■ Supplied records
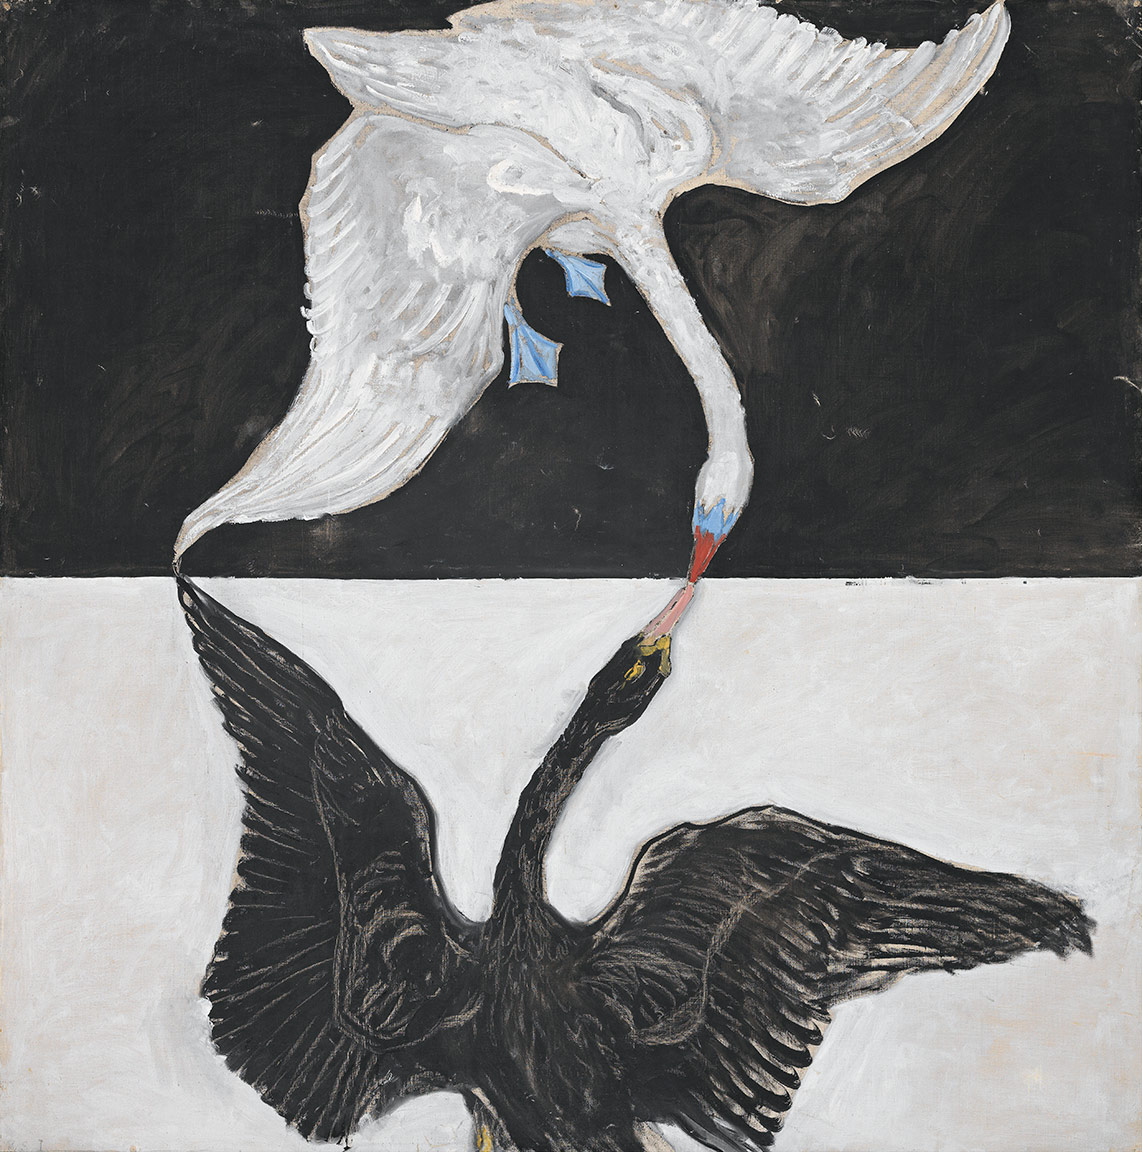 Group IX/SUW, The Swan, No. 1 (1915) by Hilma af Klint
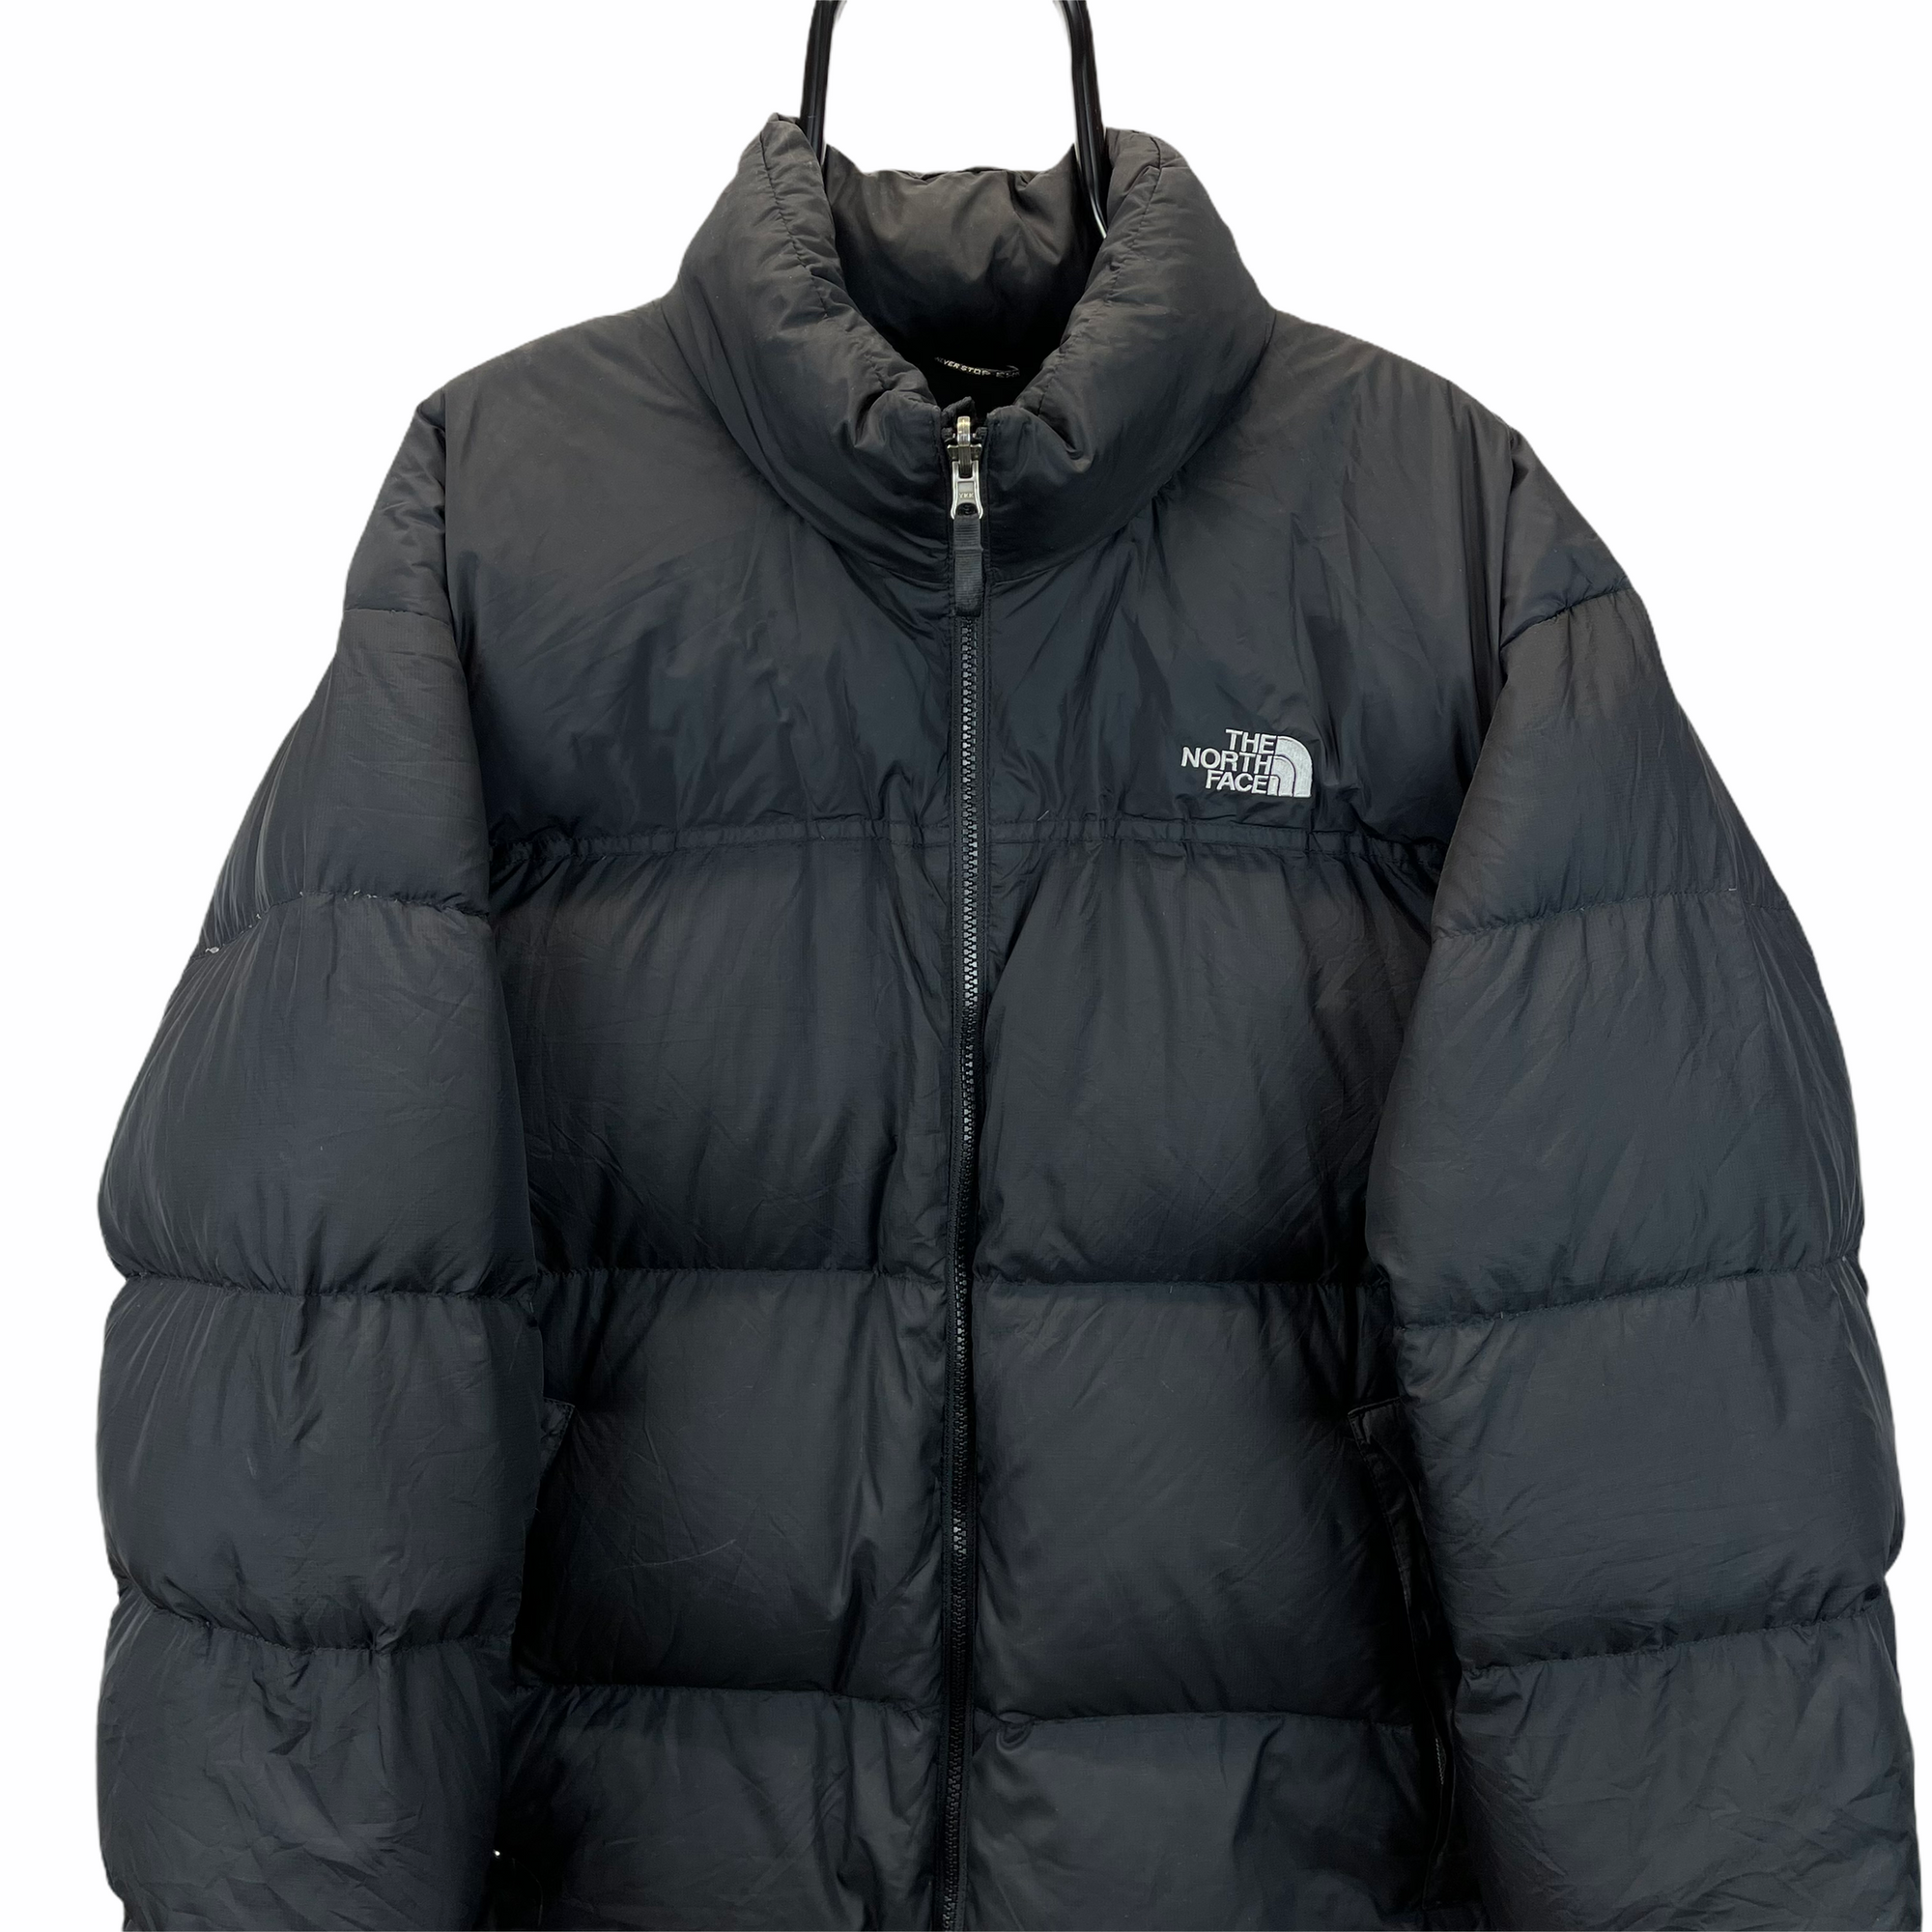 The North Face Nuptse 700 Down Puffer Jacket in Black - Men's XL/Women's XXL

--

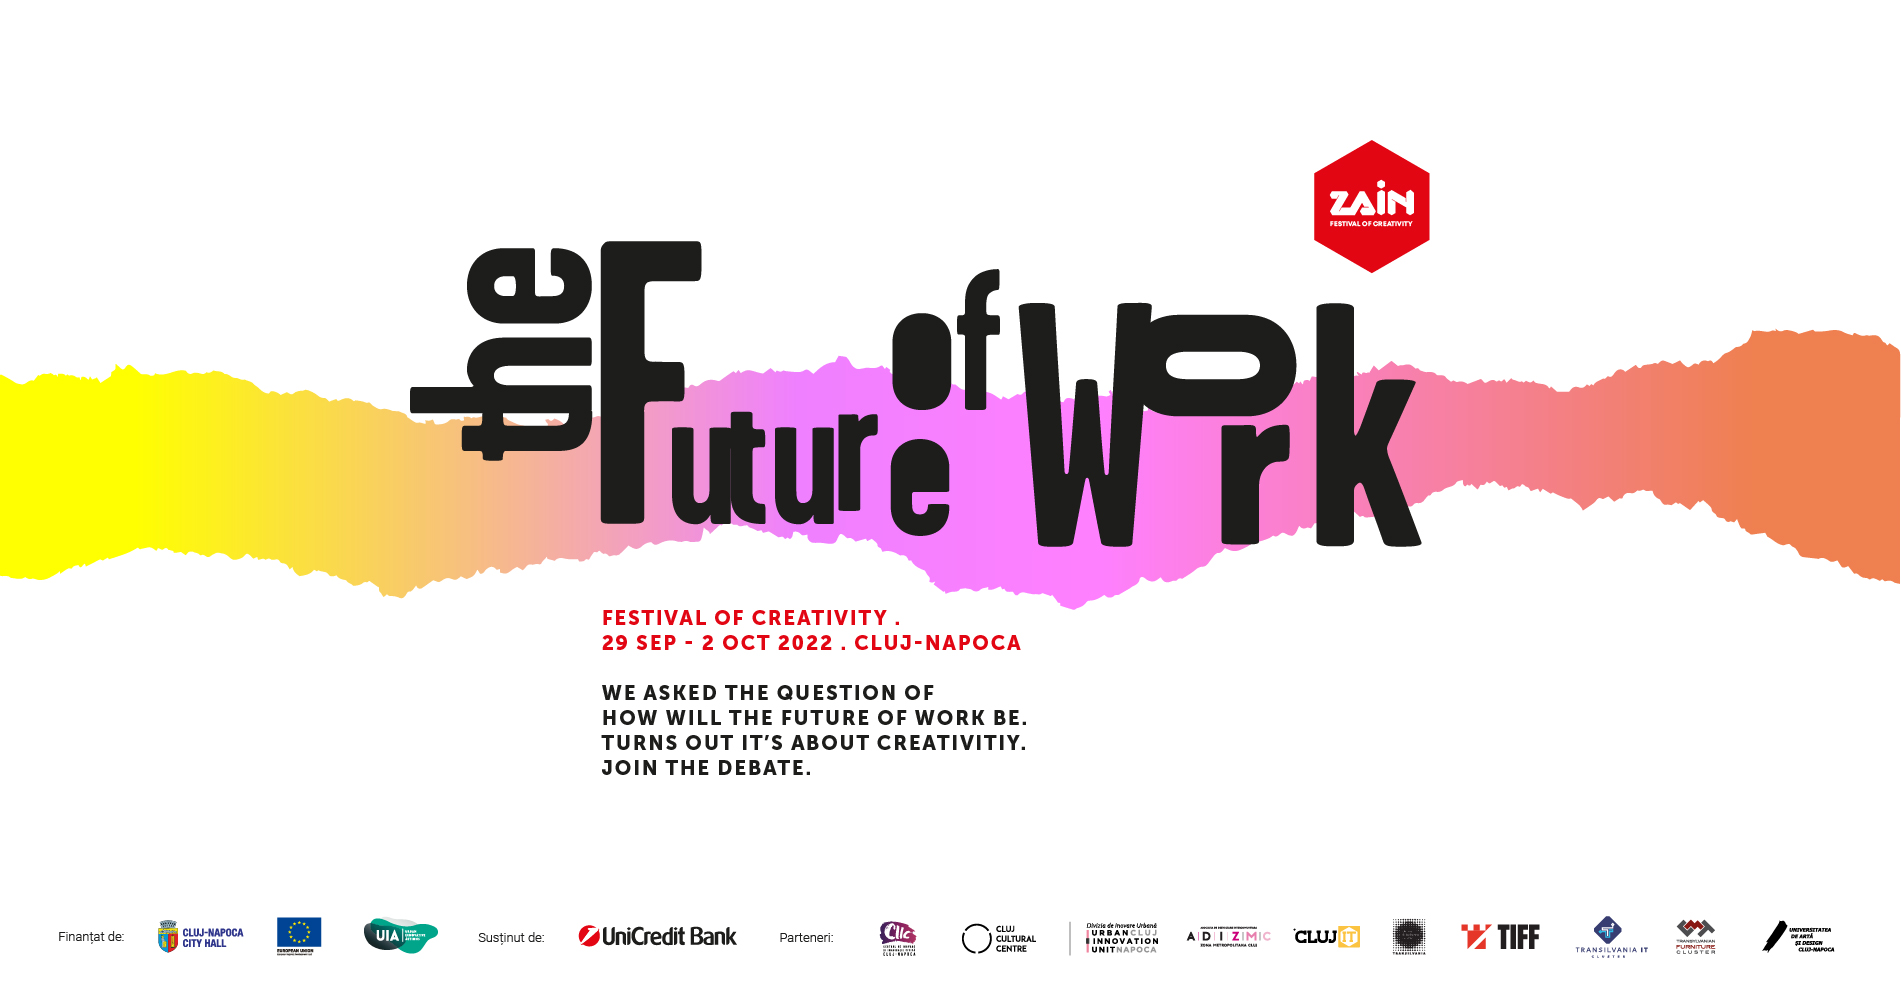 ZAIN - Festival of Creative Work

■ Assigned task
Begin at the line in the entries above that has "Group IX/SUW, The", stop after the line that has "The North Face", and output exactly those lines without pictures.

■ Written reply
 Group IX/SUW, The Swan, No. 1 (1915) by Hilma af Klint
 The North Face Nuptse 700 Down Puffer Jacket in Black - Men's XL/Women's XXL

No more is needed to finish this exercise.